Extracted records
============

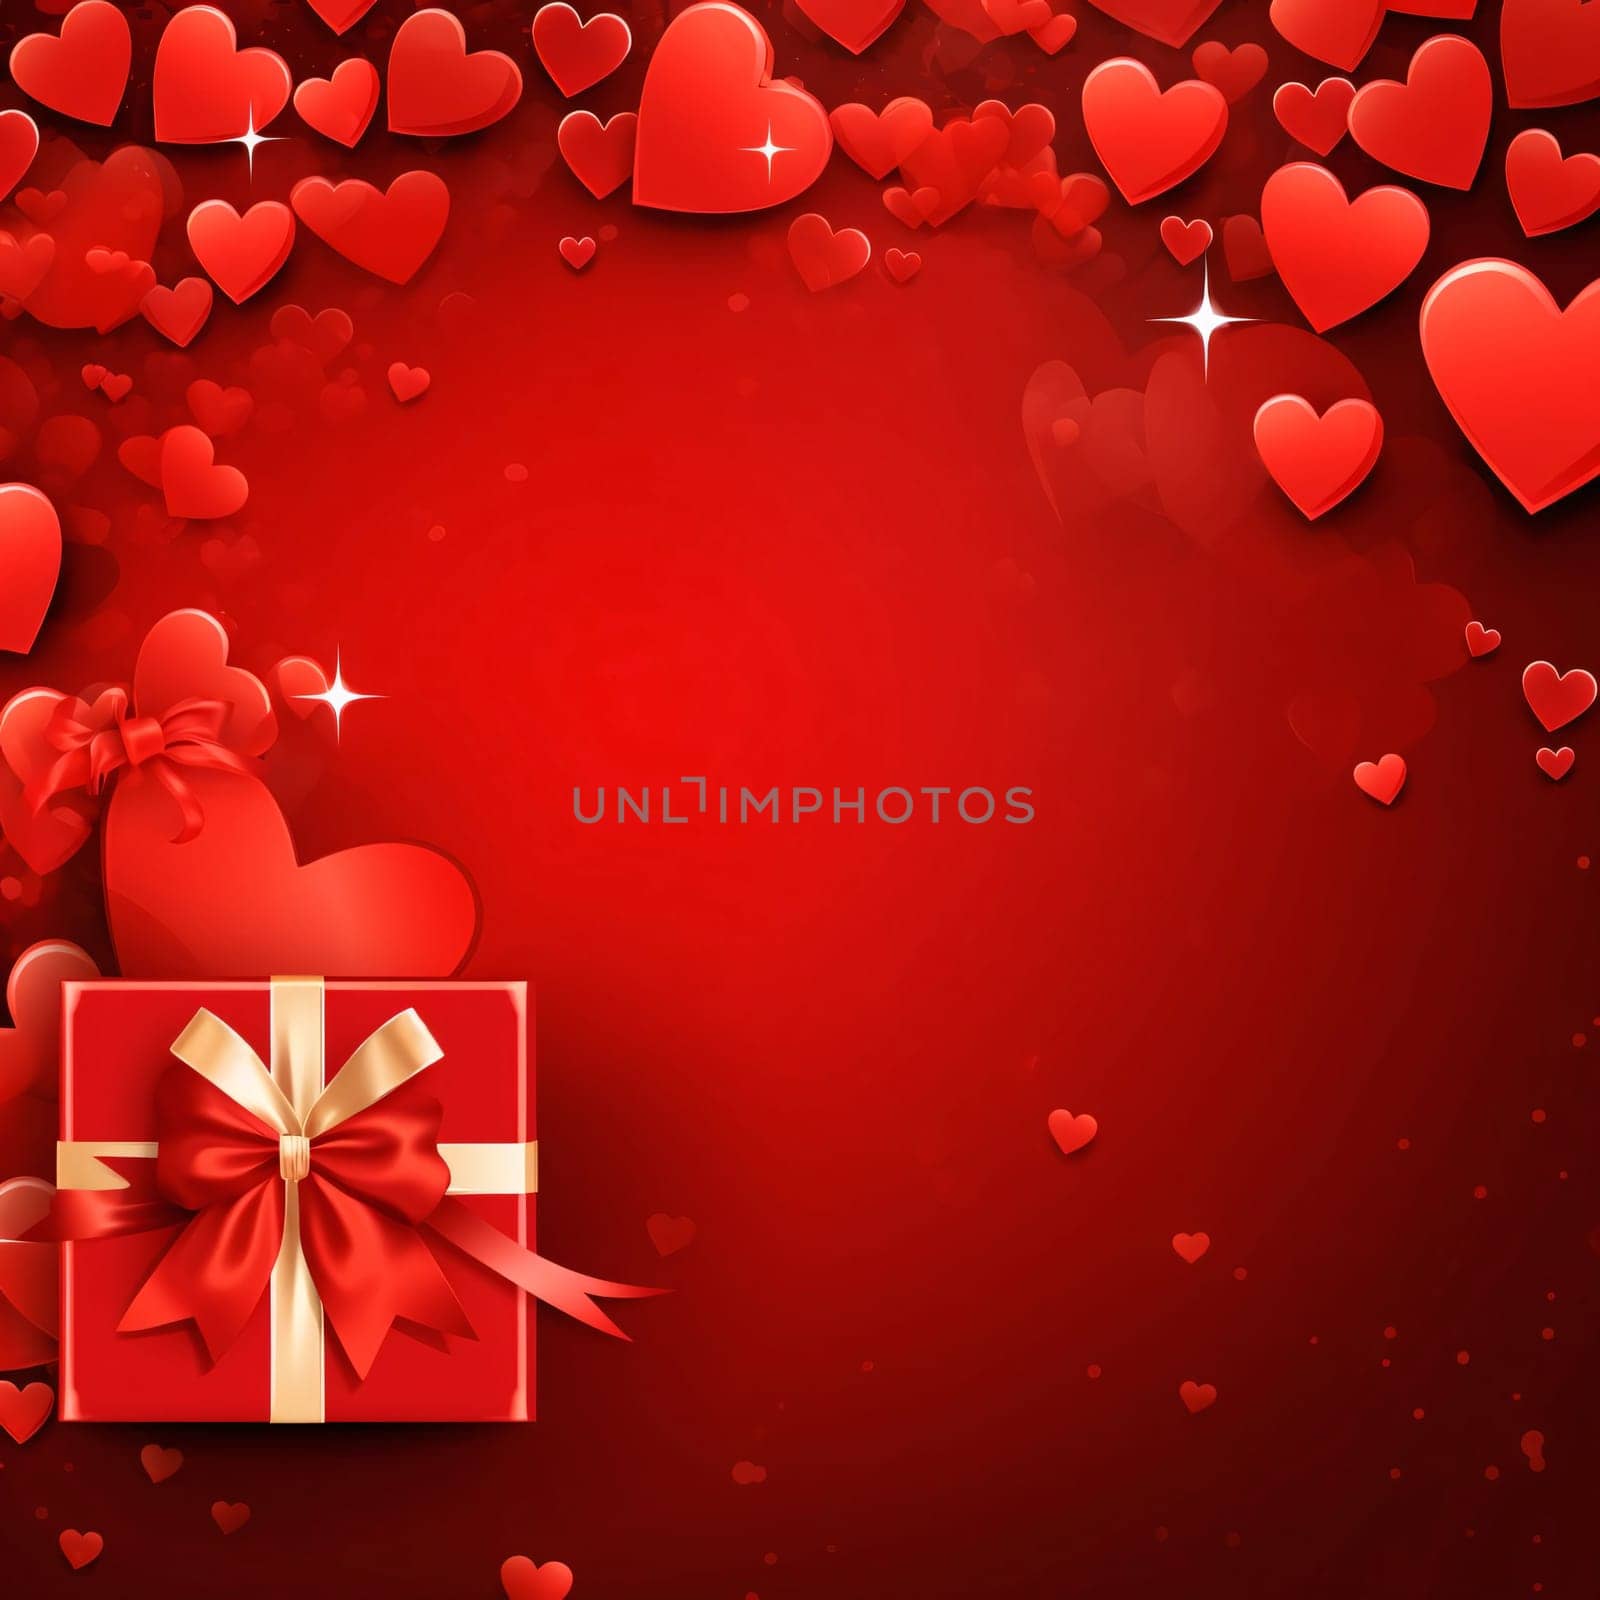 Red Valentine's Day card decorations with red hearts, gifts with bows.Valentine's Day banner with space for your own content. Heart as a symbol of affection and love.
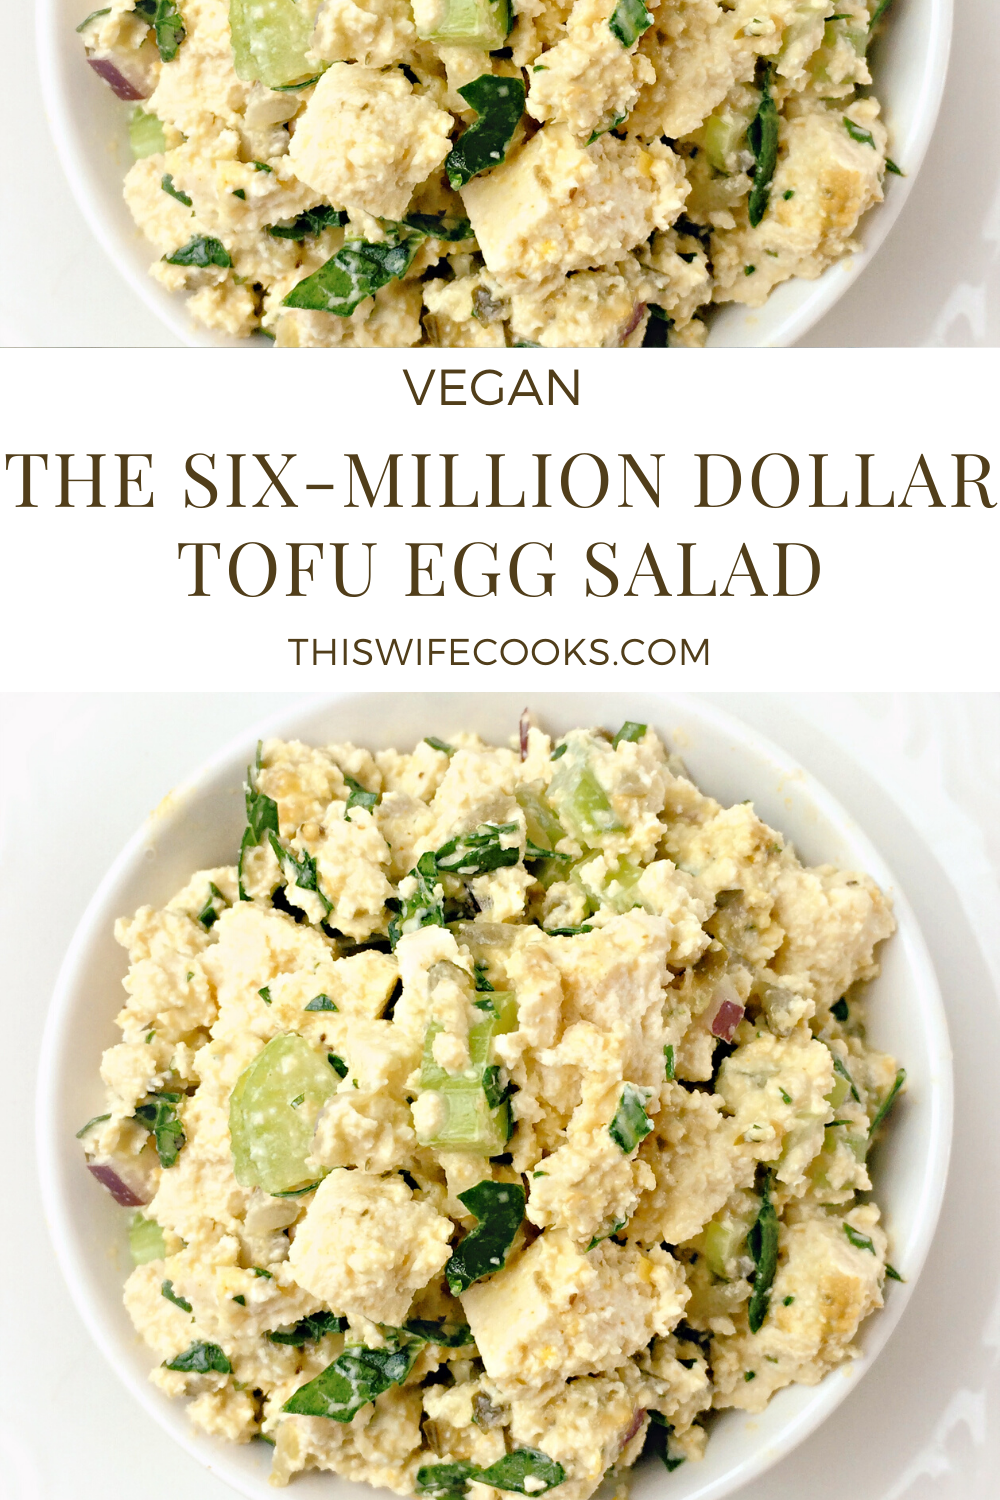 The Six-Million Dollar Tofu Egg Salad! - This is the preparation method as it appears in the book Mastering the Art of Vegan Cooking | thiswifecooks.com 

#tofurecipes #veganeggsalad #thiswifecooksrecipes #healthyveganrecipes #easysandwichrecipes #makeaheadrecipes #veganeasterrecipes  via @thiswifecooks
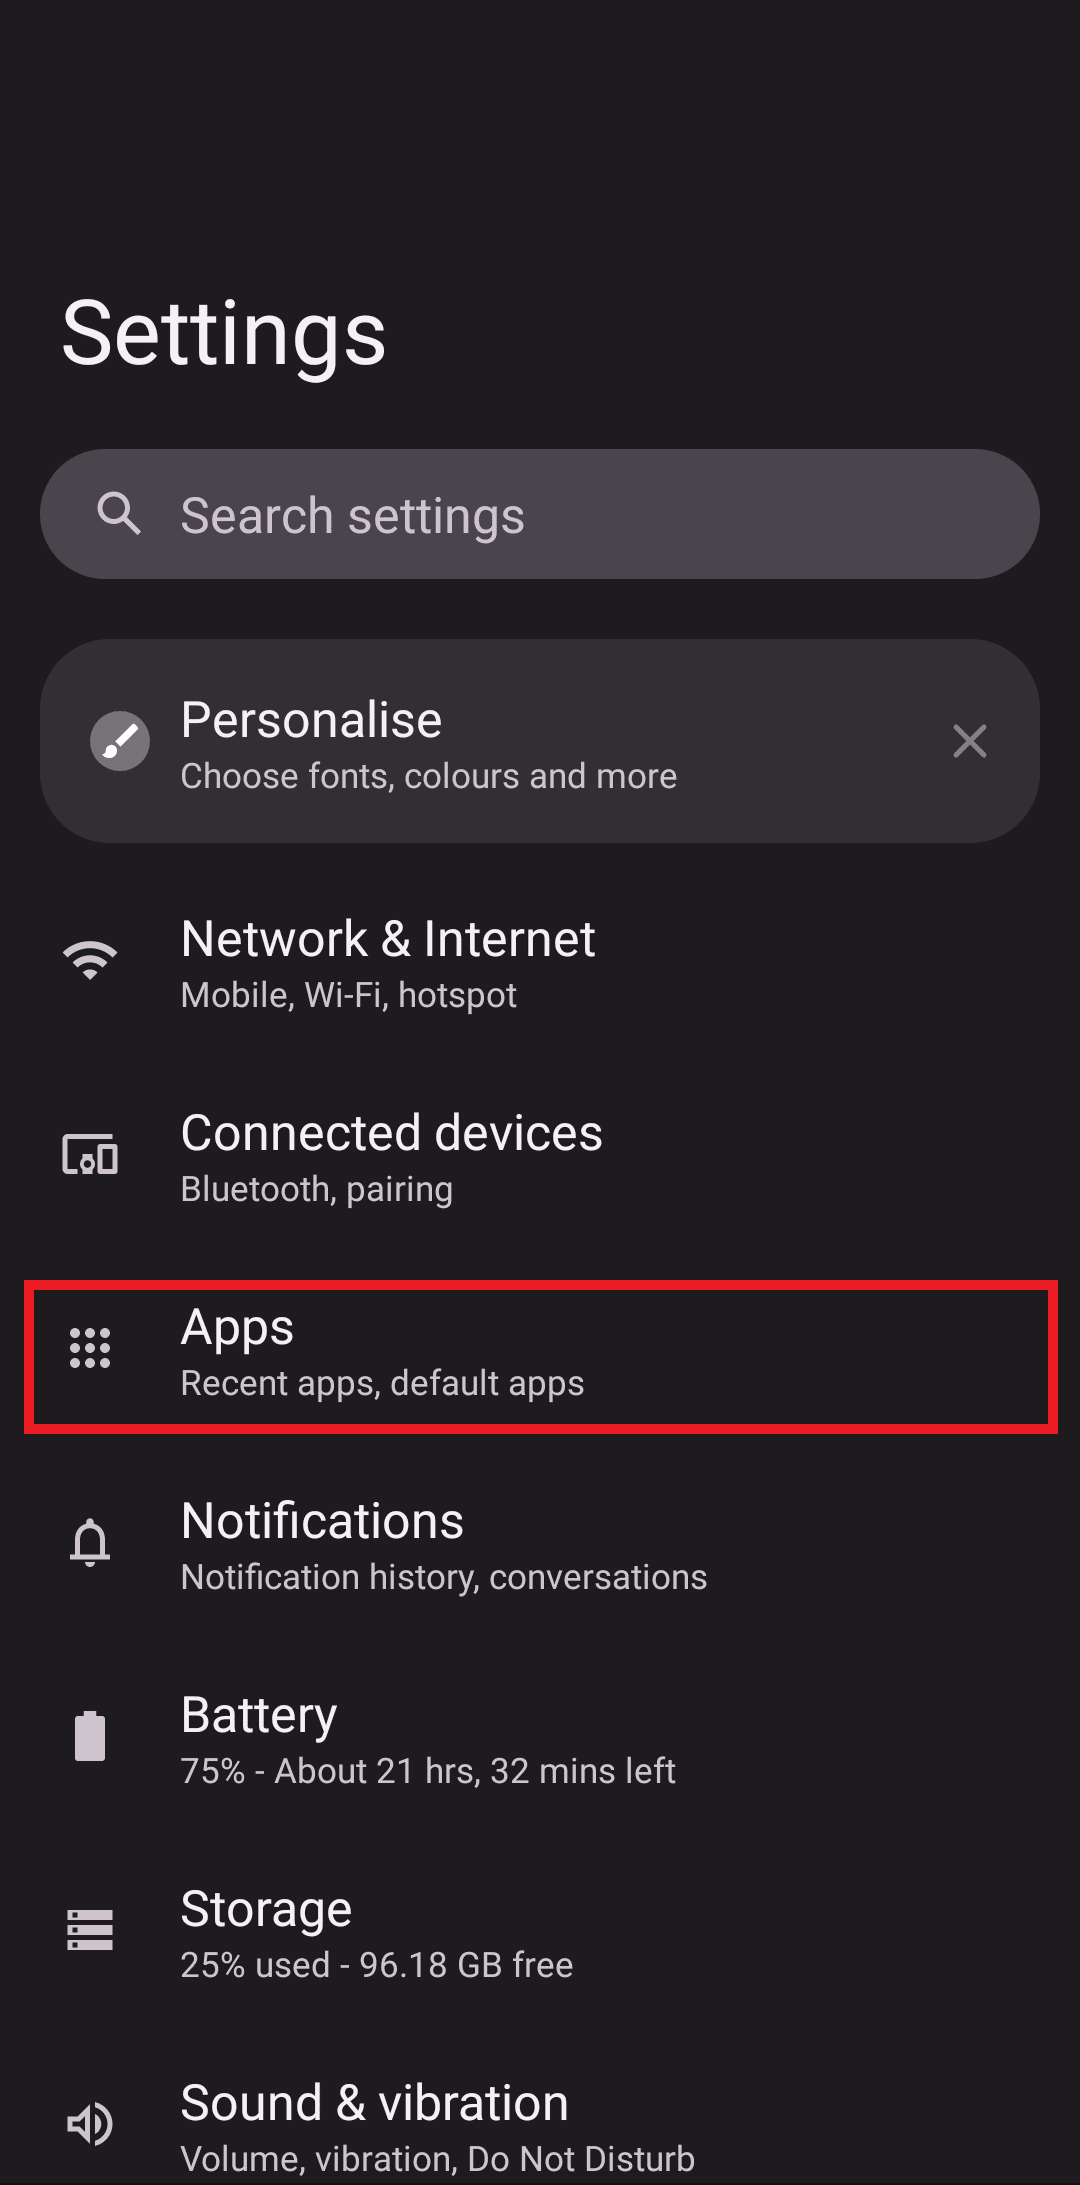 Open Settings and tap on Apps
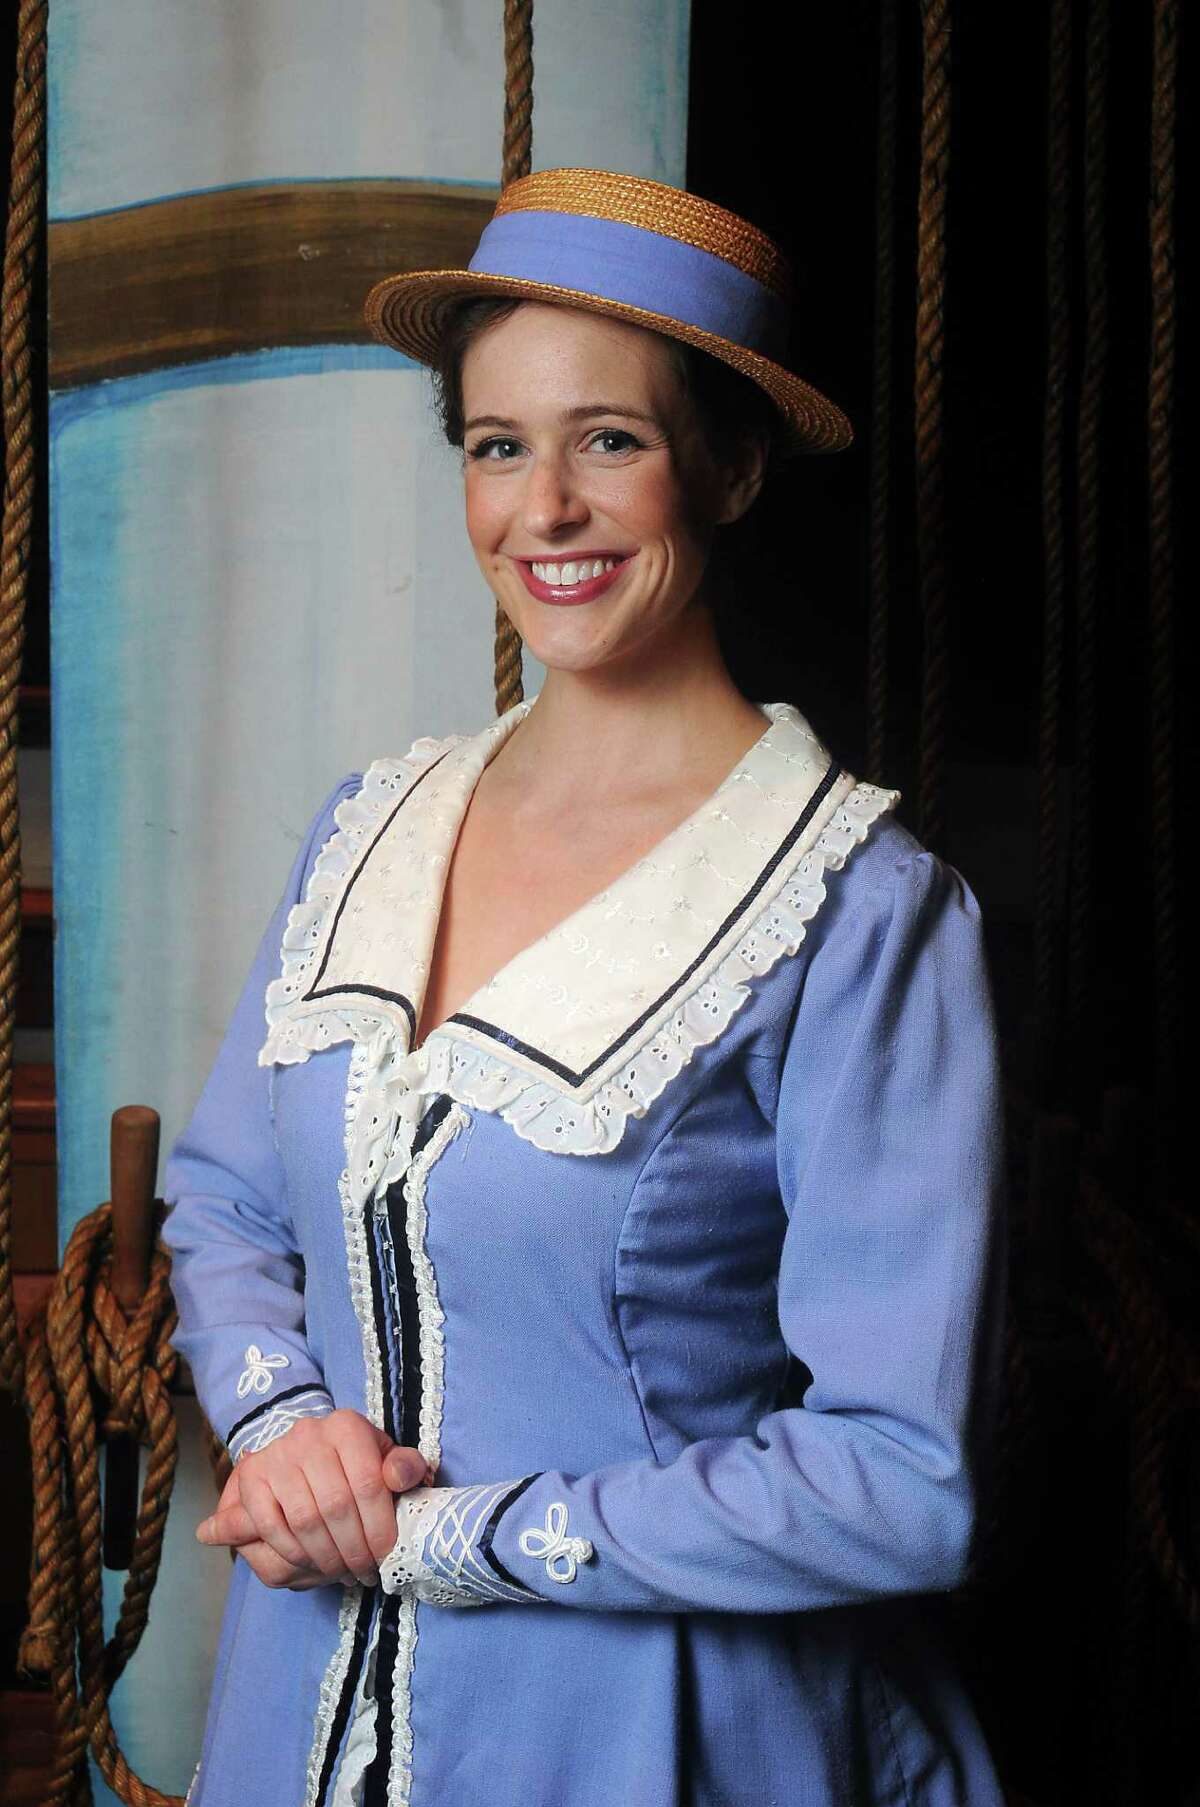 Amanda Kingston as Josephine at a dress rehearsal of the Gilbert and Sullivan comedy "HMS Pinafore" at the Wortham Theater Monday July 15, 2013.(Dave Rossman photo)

============

What you have to do
Keep the pictures out of your answer, which should be the lines from the one with "The Six-Million Dollar" through the final line of the data, copied exactly.

Reply
 The Six-Million Dollar Tofu Egg Salad! - This is the preparation method as it appears in the book Mastering the Art of Vegan Cooking | thiswifecooks.com 

#tofurecipes #veganeggsalad #thiswifecooksrecipes #healthyveganrecipes #easysandwichrecipes #makeaheadrecipes #veganeasterrecipes  via @thiswifecooks
 Open Settings and tap on Apps
 Amanda Kingston as Josephine at a dress rehearsal of the Gilbert and Sullivan comedy "HMS Pinafore" at the Wortham Theater Monday July 15, 2013.(Dave Rossman photo)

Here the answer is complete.